Since I can't reproduce the issue yet, I'm a bit reluctant to apply this.

goderich commented 3 years ago

I'm not able to reproduce this with my tex setup.

Oddly, I can reproduce the issue with your pure latex case. But when I use pandoc -o my.pdf --pdf-engine=xelatex and specify a CJKmainfont as in your example, the quotes look fine! I can't understand why. The intermediate tex file has curly unicode quotes, not ligatures.

Huh. Well that's weird. Thank you for looking into this. I'm using a prepackaged binary on my distribution, and right now as a workaround I'm using a Makefile which generates latex+smart with pandoc, and then compiles the result using xelatex.

I'm afraid I don't have enough time at the moment to explore this further, but I should be able to help debug this further in a couple of months. I'm running Archlinux on both my machines though, so I can't test with other systems.

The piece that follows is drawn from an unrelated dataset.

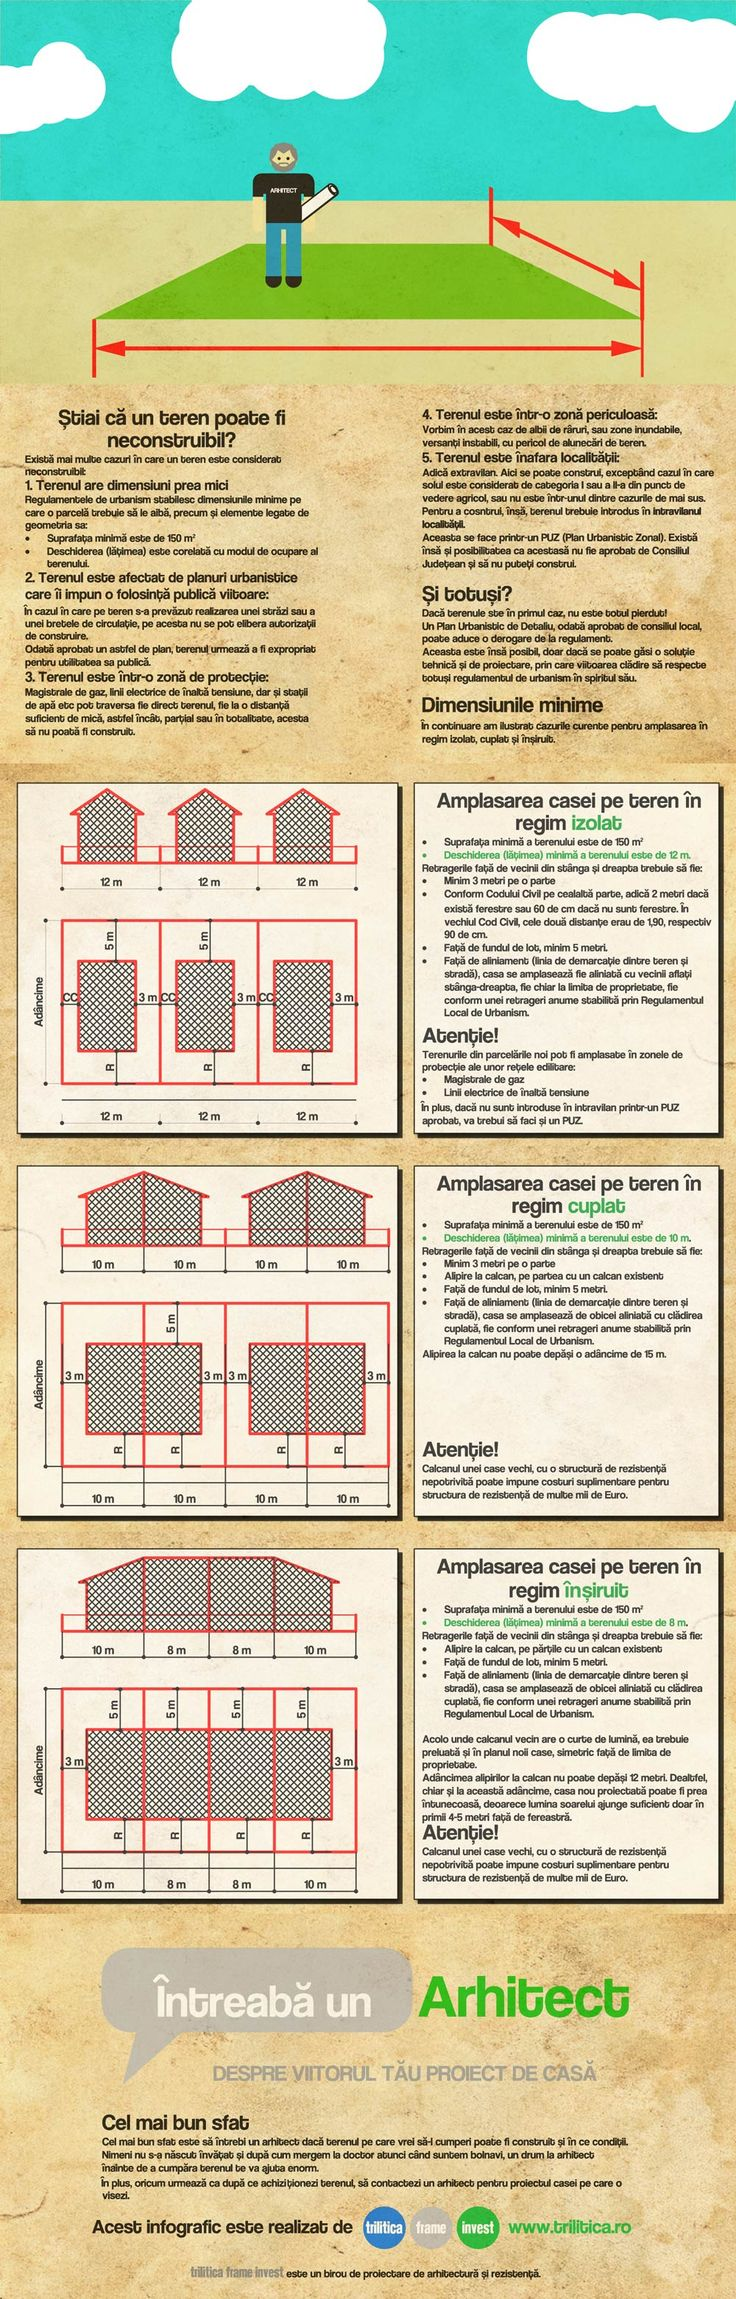 Dimensiuni minime pentru terenuri de case - infographic

khemarato commented 2 years ago

I'm also seeing this bug. Frustratingly, I can't seem to compile my document using the lualatex engine either, as it can't find my CJK font (it's removing the spaces from the font name and then saying it can't find that?) 😞

For those reading this later, you can turn off the smart extension using the --from=markdown-smart flag

oldjove commented 2 years ago

I also experienced this bug. After some searching around, I found this solution, whereby you reassign the class of the offending characters. I've added this code to my template and find that it's solved the problem:

\AtBeginDocument{% \XeTeXcharclass^^^^2026=0 \XeTeXcharclass^^^^2019=0 \XeTeXcharclass^^^^2013=0 \XeTeXcharclass“=0 \XeTeXcharclass”=0 \XeTeXcharclass‘=0 }